NUMA aware heap memory manager

(Mis)Understanding the NUMA Memory System Performance of …angelee/cse539/papers/numa.pdf · design is the non-uniform memory architecture (NUMA). Many recent multicore systems are

MaxGauge for Oracle - EXEM · 2018-02-12 · 因为MaxGauge支持 Uniform Memory Acces和Non-uniform Memory Access (NUMA)两种方 式，需要确认服务器的NUMA与否。 通过SID排序确认NUMA的方法如下。

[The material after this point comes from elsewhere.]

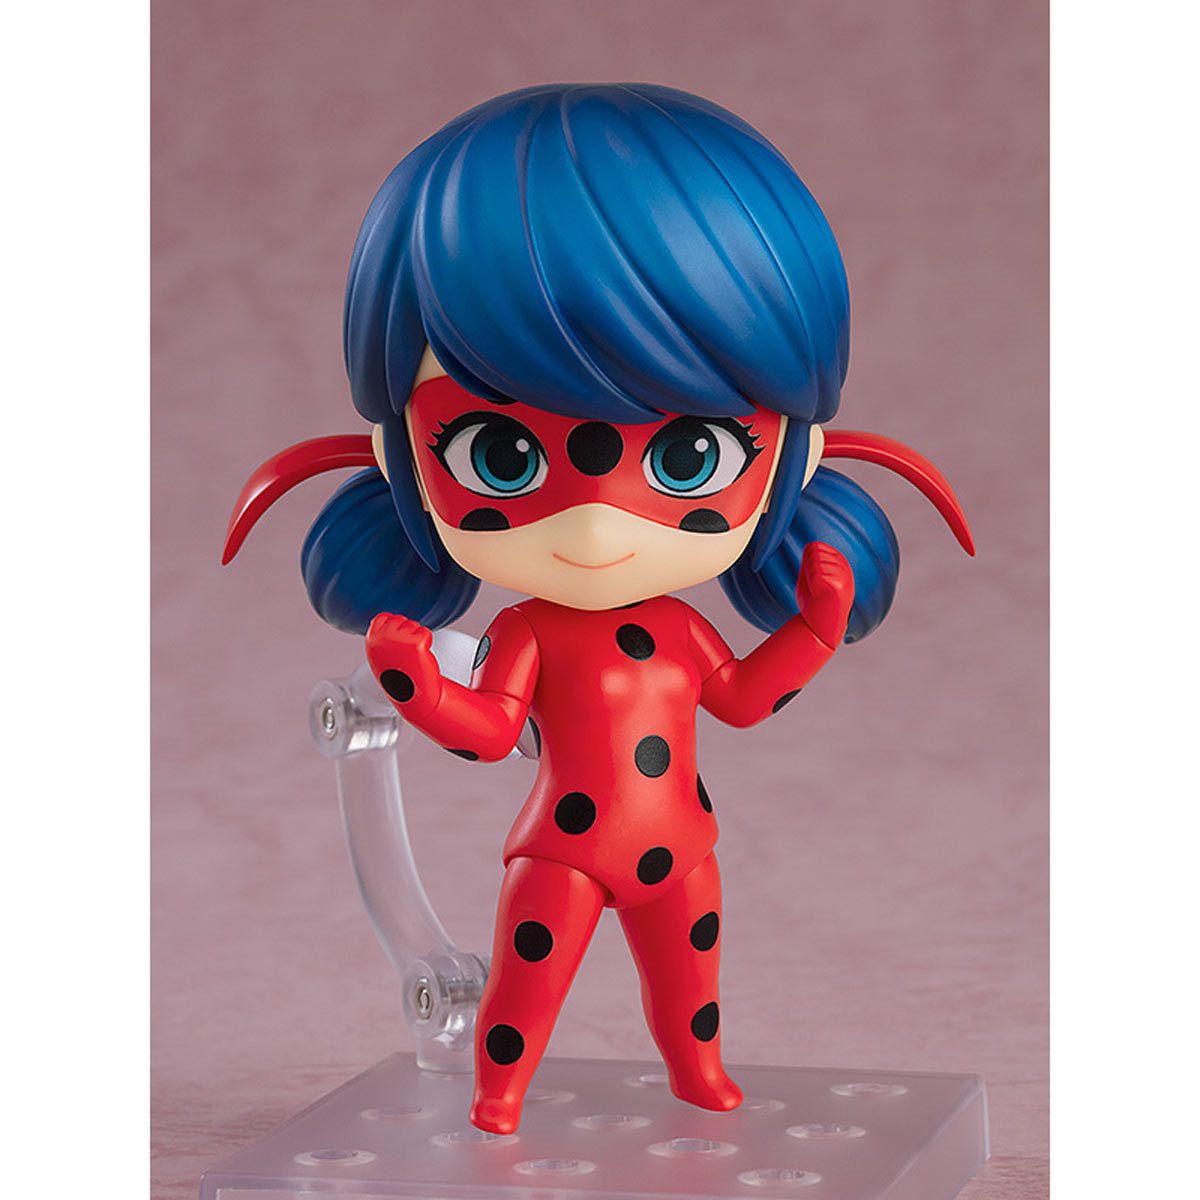 Miraculous: Ladybug & Cat Noir Chibi Toy Figure Blind Box (Official Li –  Unique Fun Gift

ccNUMA Cache Coherent Non-Uniform Memory Access

Linux NUMA support for HP ProLiant servers...HP incorporates the NUMA architecture in its servers primarily because of the architecture’s capability for providing scalable memory

Local and Remote Memory: Memory in a Linux/NUMA Systemilinuxkernel.com/files/Local.and.Remote.Memory.Memory.in...SGI 2006 Remote and Local Memory 5 how to use the operating system

Understanding the performance of storage class memory file ... · regions [10]. However, under the non-uniform memory access (NUMA) architectures, where memory devices are distributed

Memory performance of Xeon E5-2600/4600 based systems · local and remote memory access is of the NUMA (Non-Uniform Memory Access) type. The parameters of the memory architecture

NUMA-Aware Shared-Memory Collective Communication for MPI

MaxGauge for Oracle - EXEM · 2018-02-12 · 因为MaxGauge支持 Uniform Memory Acces和Non-uniform Memory Access (NUMA)两种方式，需要确认服务器的NUMA与否。通过SID排序确认NUMA的方法如下。